3.2 Extension of Theorem 1 to Hardy–Orlicz spaces

If T satisfies the assumptions of Theorem 1 and, moreover, \(|T(f) -T (g)| \le |T(f-g)|\) holds, then one can easily show that (1.6) can be extended to all functions f such that \(\Vert f \Vert _{L \log ^r L ({\mathbb {T}})} < \infty \) and \(\mathrm {supp}({\widehat{f}}) \subset {\mathbb {N}}_0\). To this end, one adapts e.g. the density argument on [30, Chapter XII, p. 120]. More precisely, fix a function f with \(\Vert f \Vert _{L \log ^r L ({\mathbb {T}})} < \infty \) and \(\mathrm {supp}({\widehat{f}}) \subset {\mathbb {N}}_0\). By [19, Proposition 3.4], there exists a sequence of analytic trigonometric polynomials \((\phi _n)_{n \in {\mathbb {N}}}\) that converges to f in \(( L \log ^r L ({\mathbb {T}}), \Vert \cdot \Vert _{L \log ^r L ({\mathbb {T}})} )\). It thus follows from (1.6) that the sequence \((T (\phi _n))_{n \in {\mathbb {N}}}\) is Cauchy in \(L^1 ({\mathbb {T}})\) and so, it converges to some \(g \in L^1 ({\mathbb {T}})\) and g is independent of the choice of \((\phi _n)_{n \in {\mathbb {N}}}\). Hence, if we set \(T (f) := g\), we deduce that (1.6) holds for f. Therefore, following the terminology of [19], T is uniquely extended as a bounded operator from the Orlicz-Hardy space \(H^{\Phi _r} ({\mathbb {T}})\) to \(L^1 ({\mathbb {T}})\), where \(\Phi _r (x) = x ( [1+\log (x+1)]^r - 1 )\), \(x \ge 0\).

3.3 Higher-dimensional variants

In [2], both the results of Zygmund and Pichorides were extended to higher dimensions.
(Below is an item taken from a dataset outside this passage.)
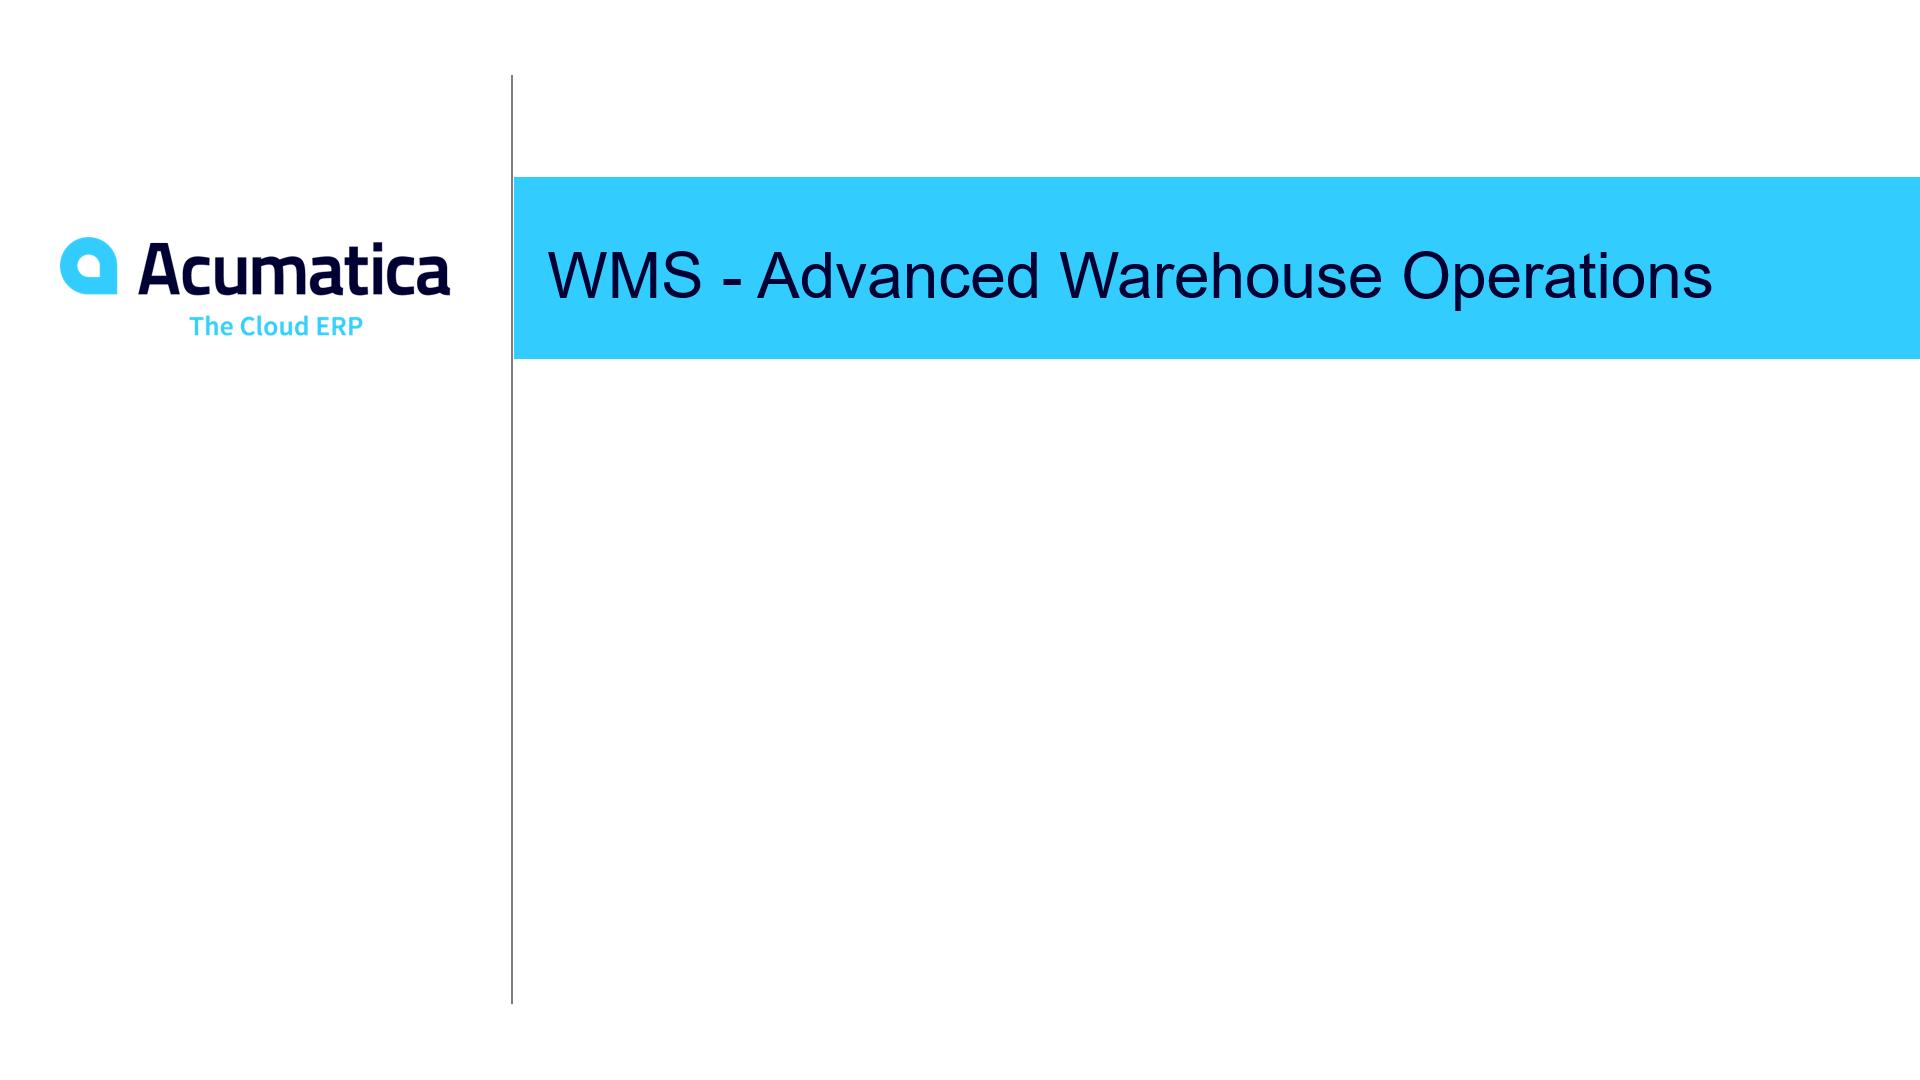 WMS - Advanced Warehouse Operations

Hence, in analogy to the one-dimensional case, one is naturally led to ask whether versions of Theorem 1 involving Hardy spaces of several variables hold as well.

At this point, it is worth mentioning that the methods used here are closely connected with the K-closedness of \((H^1 ({\mathbb {T}}), H^{\infty } ({\mathbb {T}}))\) with respect to \((L^1 ({\mathbb {T}}), L^{\infty } ({\mathbb {T}}))\), a result that follows from the work of Peter Jones [14]. To be more specific, the proof presented in Section 2 is related to the fact that for every \(f \in H^1 ({\mathbb {T}}) + H^{\infty } ({\mathbb {T}}) \) and \(t \in [0,1]\), one has

$$\begin{aligned} K ( f , t ; H^1 ({\mathbb {T}}), H^{\infty } ({\mathbb {T}}) ) \sim K ( f , t ; L^1 ({\mathbb {T}}), L^{\infty } ({\mathbb {T}}) ) = \int \limits _0^t f^{*} (s) ds \end{aligned}$$
(3.8)

in the sense that our argument is based on Kislyakov’s “analytic decomposition of unity”, a technique that was used by Xu in [28] to obtain another proof of (3.8). For other proofs of the K-closedness of \((H^1 ({\mathbb {T}}), H^{\infty } ({\mathbb {T}}))\) with respect to \((L^1 ({\mathbb {T}}), L^{\infty } ({\mathbb {T}}))\), see P. Müller [21], G. Pisier [24] as well as Bourgain [9]. Furthermore, as mentioned in the introduction, Theorem 1 also follows from the work of Carro and Martín [11] combined with (3.8). More precisely, a proof of Theorem 1 can be obtained by using [11, Theorem 3.1] combined with (1.7), (3.8), and “Hardy’s lemma”; see [4, p. 56, Proposition 3.6].

Similarly, if \(n=2\), then it was shown by Kislyakov and Xu that the couple \((H^1 ({\mathbb {T}}^2), H^{\infty } ({\mathbb {T}}^2)) \) is K-closed with respect to \((L^1 ({\mathbb {T}}^2), L^{\infty } ({\mathbb {T}}^2))\); see [17, Theorem 3] and hence, by arguing as above, one obtains a two-dimensional version of Theorem 1. However, to the best of our knowledge, the K-closedness of \((H^1 ({\mathbb {T}}^n), H^{\infty } ({\mathbb {T}}^n))\) with respect to \((L^1 ({\mathbb {T}}^n), L^{\infty } ({\mathbb {T}}^n))\) is still an open problem for \(n \ge 3\) and so, in view of the aforementioned, already existing results and the remarks made above, it seems that a version of Theorem 1 for \(n \ge 3\) is not yet available.